Mr. Chairman, Task Force members, thank you very much for having me here today. My name is David K. Rehr, and I serve as the President and Chief Executive Officer of the National Association of Broadcasters.'

At the NAB, we are proud to represent more than 8,300 diverse radio and television stations across the United States, as well as broadcast networks. Our members are the backbone of our nation's communities, serving their listening and viewing audiences through public service initiatives, local news and public affairs programming, and vital community information – such as emergency warnings, severe weather alerts,

and AMBER alerts.

The National Association of Broadcasters advocates on behalf of all these stations

- large and small, urban and rural – before Congress, the Federal Communications

Commission and the general public. These stations employ nearly 250,000 hard working Americans, and reach nearly every household. Local radio and television broadcasters

provide a free, over-the-air service, keeping their communities - and your constituents informed and connected.

David K. Rehr holds an M.A. and Ph.D. in economics from George Mason University, as well as a B.S. in Business Administration from Saint John's University. He has nearly 25 years experience in regulatory and anti-trust issues. Previous experience includes serving as a professional staff member of the House Small Business Subcommittee on Antitrust and Restraint of Trade, director of federal government relations for the National Federation of Independent Business, and President of the National Beer Wholesalers Association.
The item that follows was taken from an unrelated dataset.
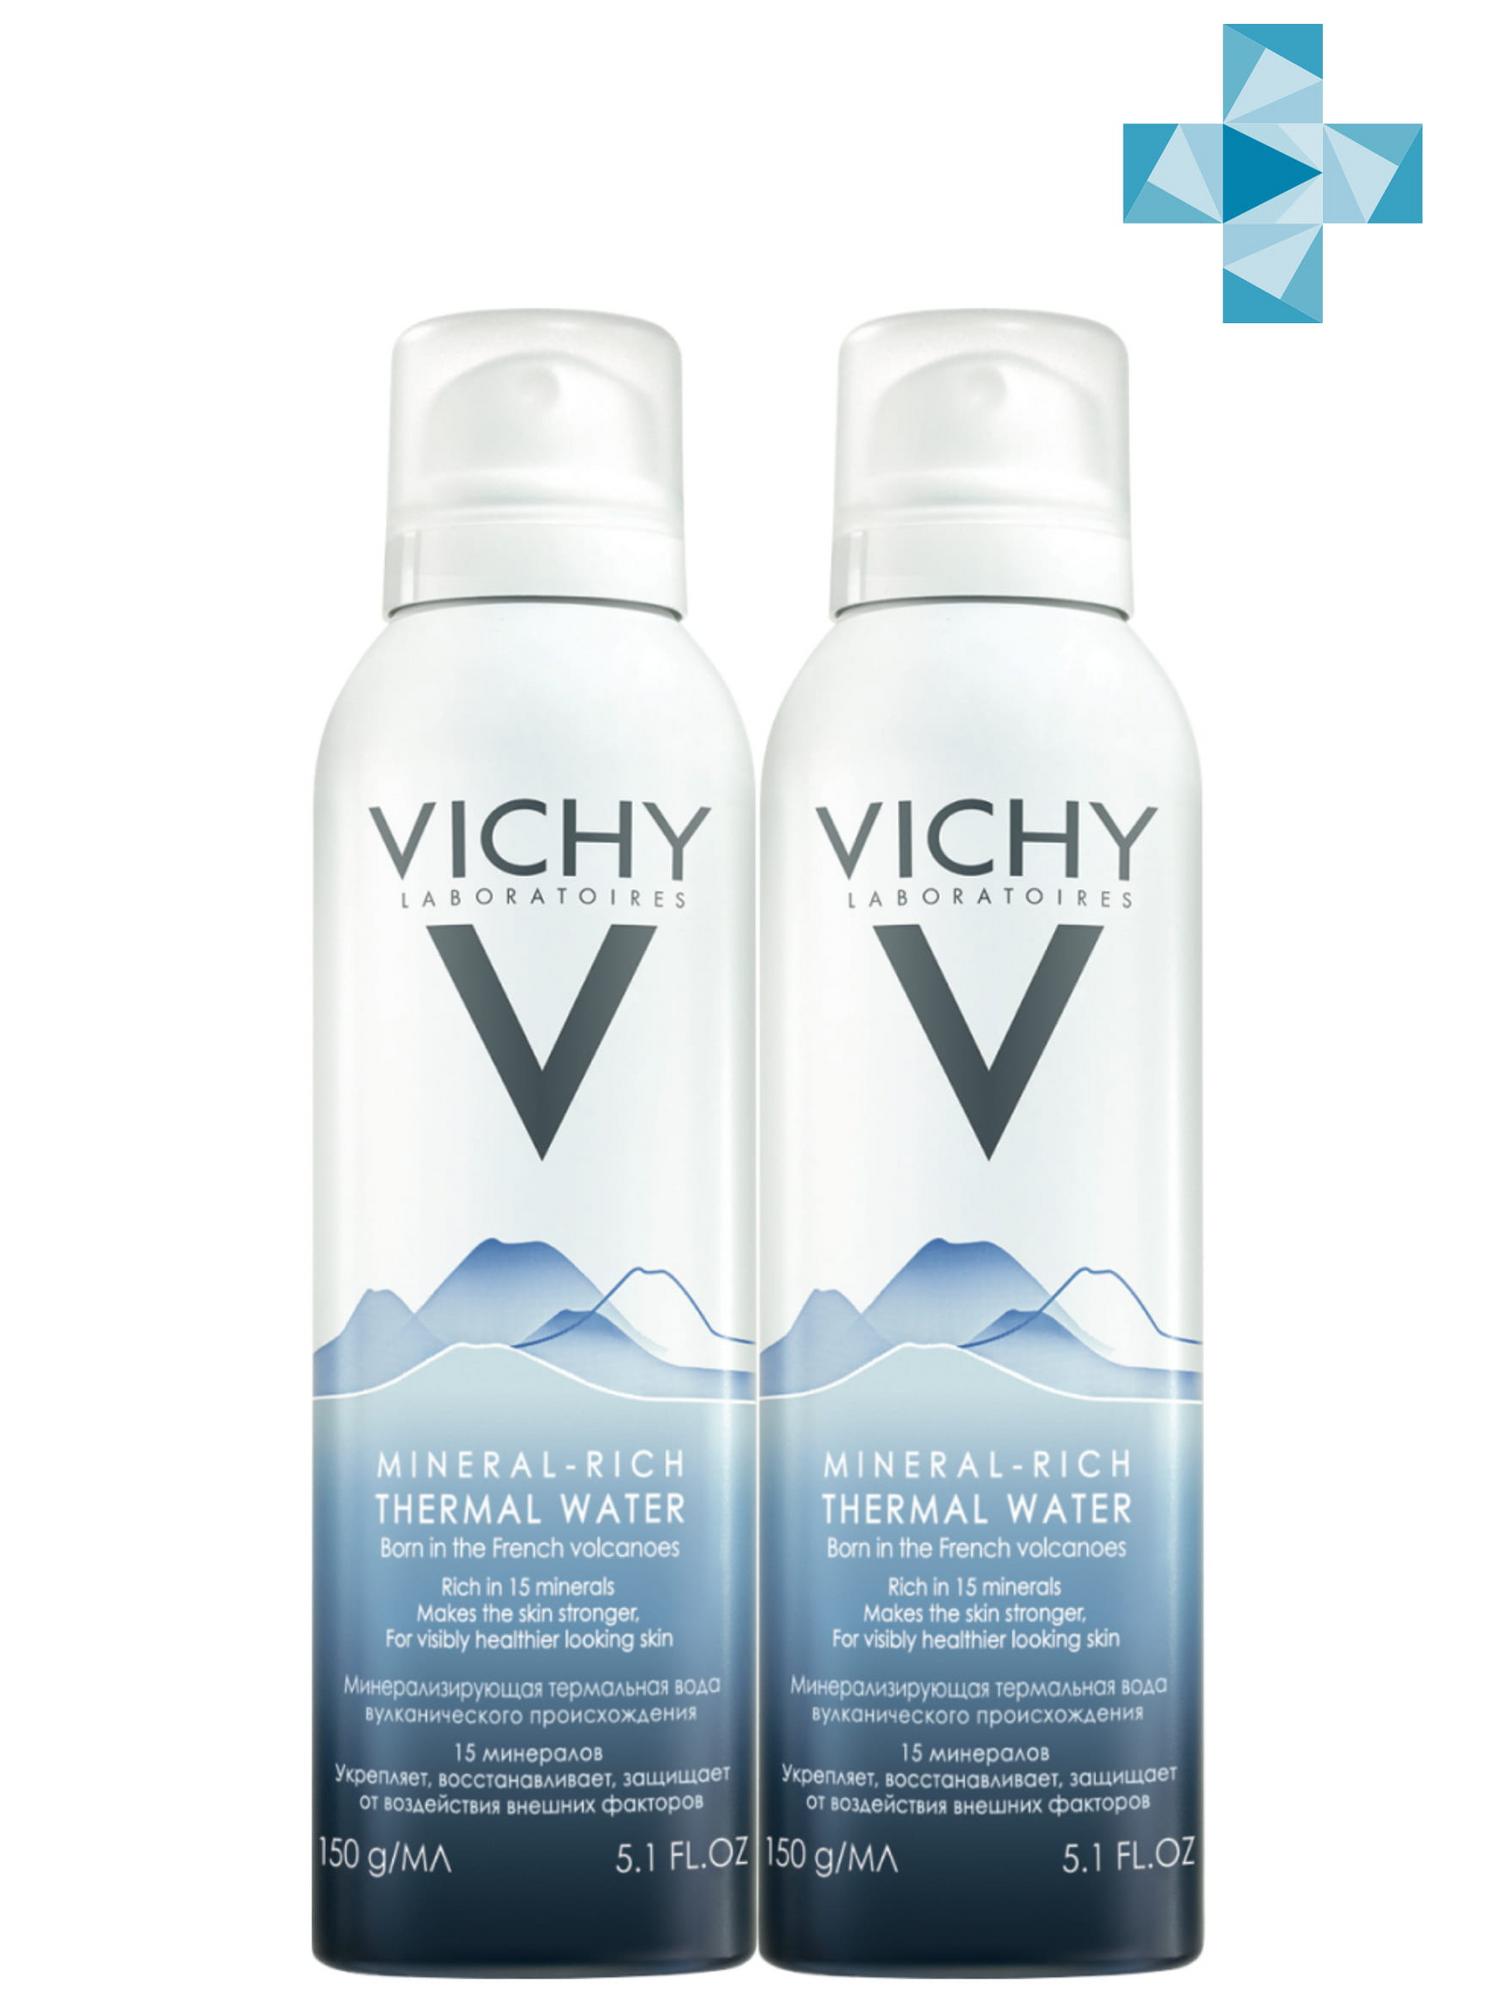 Vichy Комплект Термальная Вода Vichy Спа, 2 шт. по 150 мл (V

The issue we are here to talk about today is of tremendous importance. It affects

not only the future of satellite radio in America, but portends great potential harm to the

American public and to the many benefits of free local radio broadcasting.

XM AND SIRIUS ARE ASKING FOR A GOVERNMENT SANCTIONED
MONOPOLY

As I explain below, the proposed merger of XM Radio Inc. and Sirius Satellite Radio Inc. must be rejected. Public policy should never allow one entity to acquire statesanctioned, monopoly control over the 25 MHz of spectrum allocated to satellite radio service. Such a merged entity would control several hundred channels of radio programming in every local market in this country without any realistic check on its ability to assert market power.

One can easily see what XM and Sirius are really asking for here. They want the ability to set subscription prices for national satellite radio service without constraint from a competing service. They want to eliminate the need to compete with another national service provider to acquire programming and talent that wish to reach the national audio market. They want the ability to demand exclusive access to attractive programming, such as sporting events. And, they want to reduce the need to spend money on innovative service and equipment for consumers.

The downsides of a government sanctioned monopoly are clear. Monopolists have the ability to raise prices and discriminate. As we saw in the telephone world for many years, monopoly providers do not respond quickly to consumer needs and wants.